San Miguel's Ang reinvents venerable RP brewer

Posted at 09/17/2009 12:32 PM | Updated as of 09/17/2009 1:06 PM

MANILA - It took Ramon Ang just 7 years to mould San Miguel Corp., the venerable brewer that is the Philippines' most famous brand, into his own dynamic image.

A licensed jet pilot with a passion for fast horses and expensive cars, the energetic 54-year-old president and chief executive has shaken up the country's corporate world with a stunning, multi-billion-dollar acquisition binge.

With the country's top oil refiner, two huge power plants, a telecommunications firm, a grains port, and a toll road project in the bag, San Miguel has gone well beyond its core businesses of brewing, food processing and packaging.

"The growth of all these (new) businesses is very strong and gives an... at least 20% return on equity," Ang told Agence France-Presse in an interview this week.

He said San Miguel intended to keep the Southeast Asian beer business, in which its iconic Pale Pilsen enjoys a 95%-plus lock on the domestic market, as well as food processing and packaging.

He described them as "very stable", if slower-growing profit-makers.

But going forward, Ang said the 119-year-old company was set for more market-moving moves.

He said he wanted to invest in more road projects, airports and water utilities at home, while making large oil, coal, natural gas and mining acquisitions abroad.

But some analysts question Ang's spending.

Jose Vistan of AB Capital Securities told Agence France-Presse he was concerned the firm "may be buying into sectors that are not yet their forte.
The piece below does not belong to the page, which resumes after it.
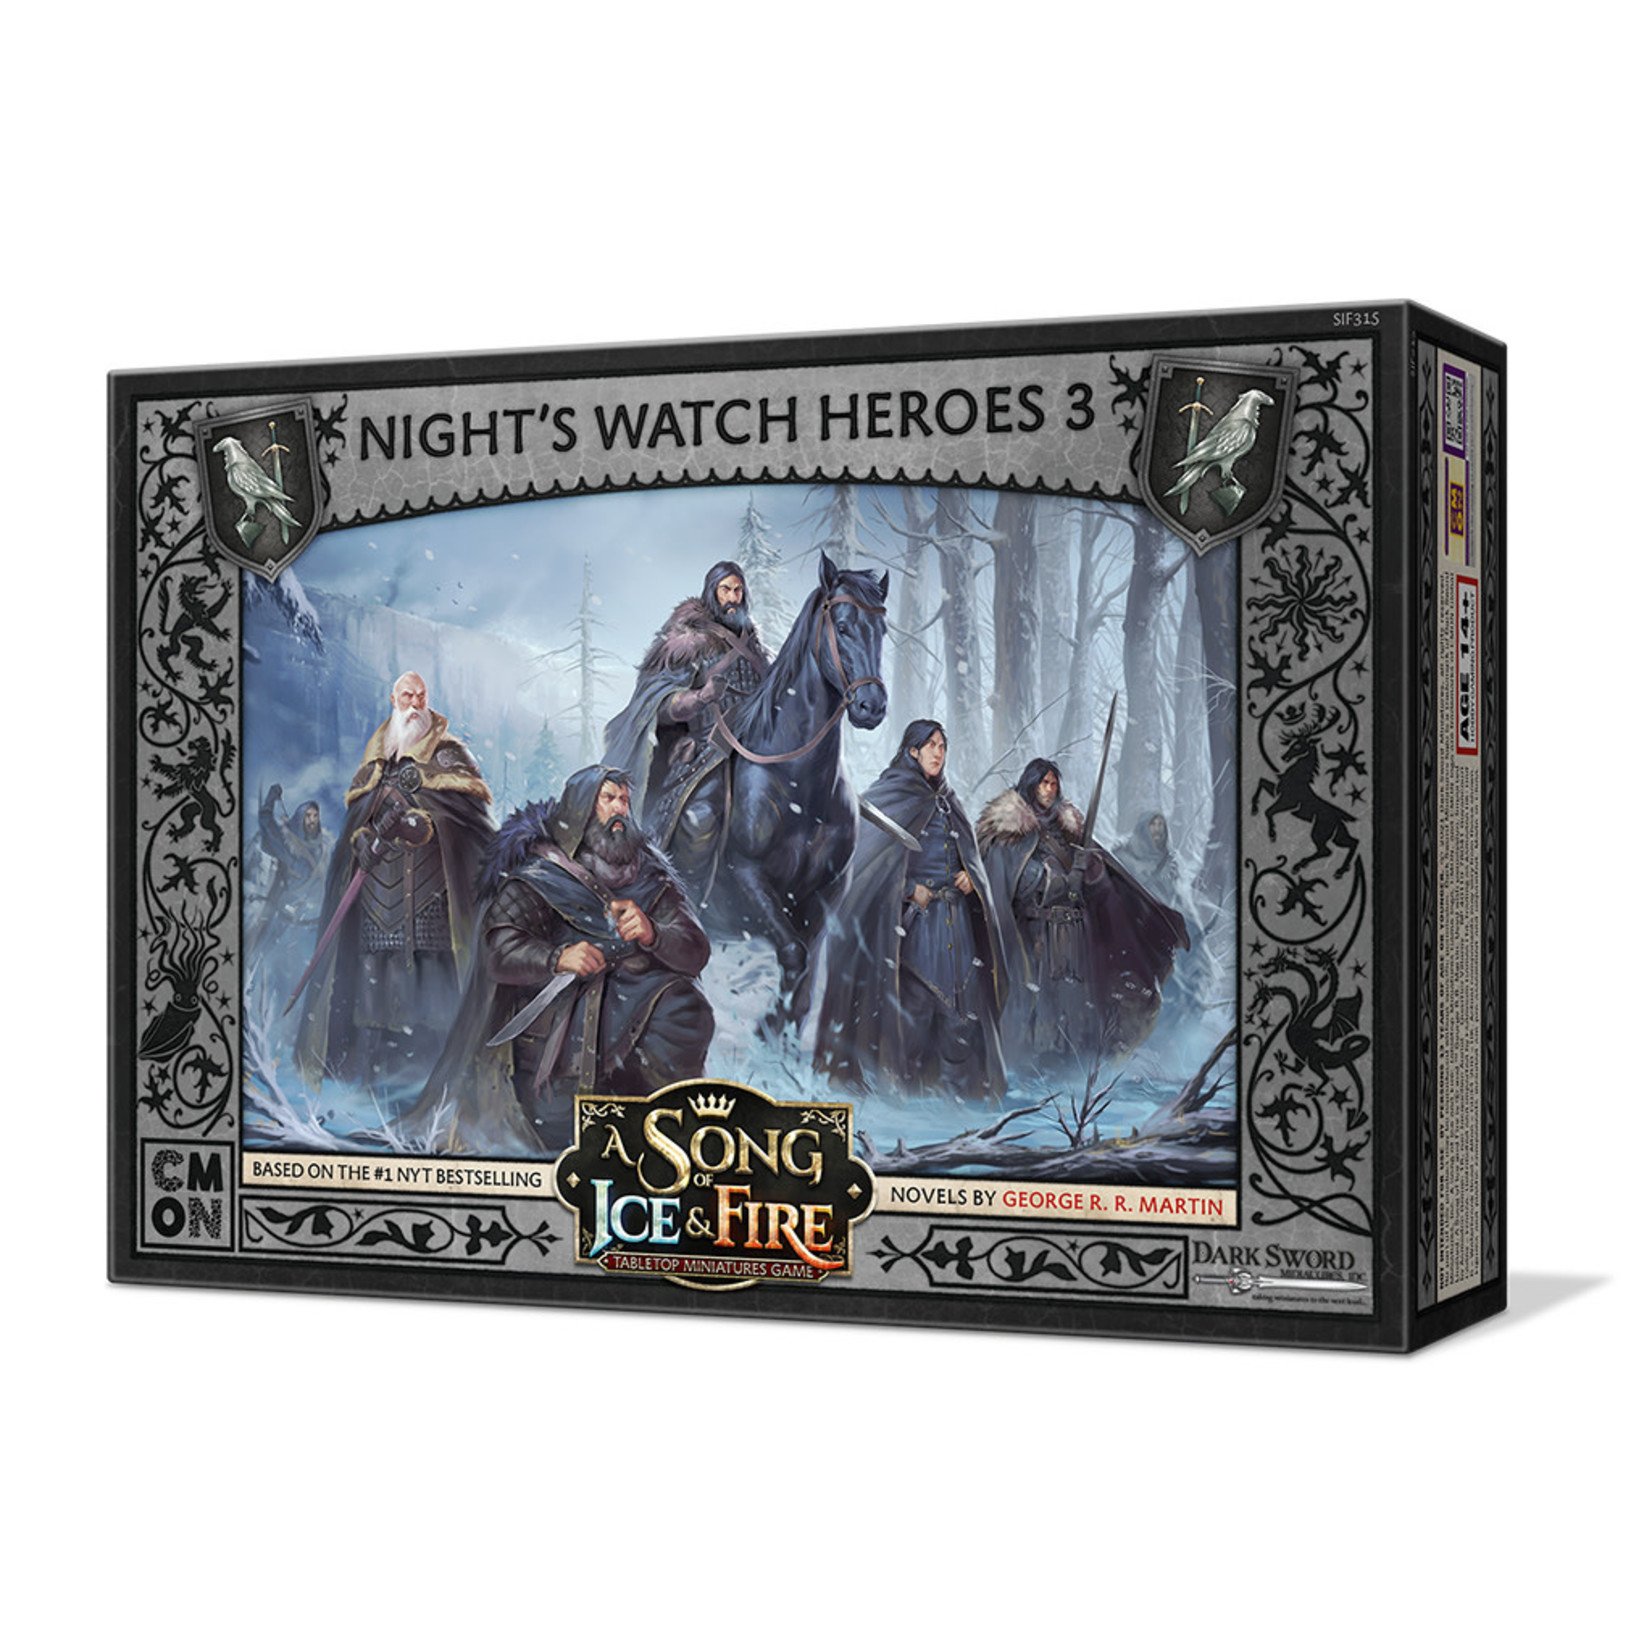 A Song of Ice and Fire: Nights Watch Heroes 3

Only time will tell if they made the right decision.

"They have already decided that food is a mature industry and they should venture into other fields. But it is a bold move," he said.

However, Ang dismisses such skepticism, saying: "These are businesses that are very hard to replicate."

He cited investments in Petron Corp., which has a nationwide chain of 1,300 service stations, as well as the Sual and Limay power plants, which have a combined capacity of 1,620-megawatts.

"Sometimes it takes years for any company to be able to acquire that much capacity."

Ang also defended a tie-up with Qatar Telecom for a sortie into a telecoms business dominated by Philippine Long Distance Telephone Co., saying it was not as risky as conventional thinking suggested.

"(Critics) now realize that technology keeps on changing and a new player can immediately make its mark," he said.

Ang, of Chinese-Filipino entrepreneurial stock, earned a mechanical engineering degree at a Manila university and ran his own businesses before going to work for companies belonging to San Miguel chairman Eduardo Cojuangco in the 1990s.

A sharp dresser, Ang enjoyed a meteoric rise to the top and appears to have a love of bucking tradition.

He sometimes announces corporate moves in SMS messages to Filipino journalists, a tack that usually triggers a Philippine Stock Exchange letter demanding clarification.

Cojuangco, who Forbes magazine said has a net worth of $660 million, took control of the San Miguel board in 1998 following a falling-out between the Spanish-Filipino families that had controlled the company for generations.

By 2002 Ang had become vice chairman, president and CEO of the parent firm as Cojuangco, now aged 74, yielded the day-to-day running of the company to his protege.

Ang likened San Miguel's diversification to the massive rebuilding effort of countries that suffered major infrastructure damage from World War II.

"What we are doing is basic. It's like replicating what they did. Once they are built they will not ever go to waste."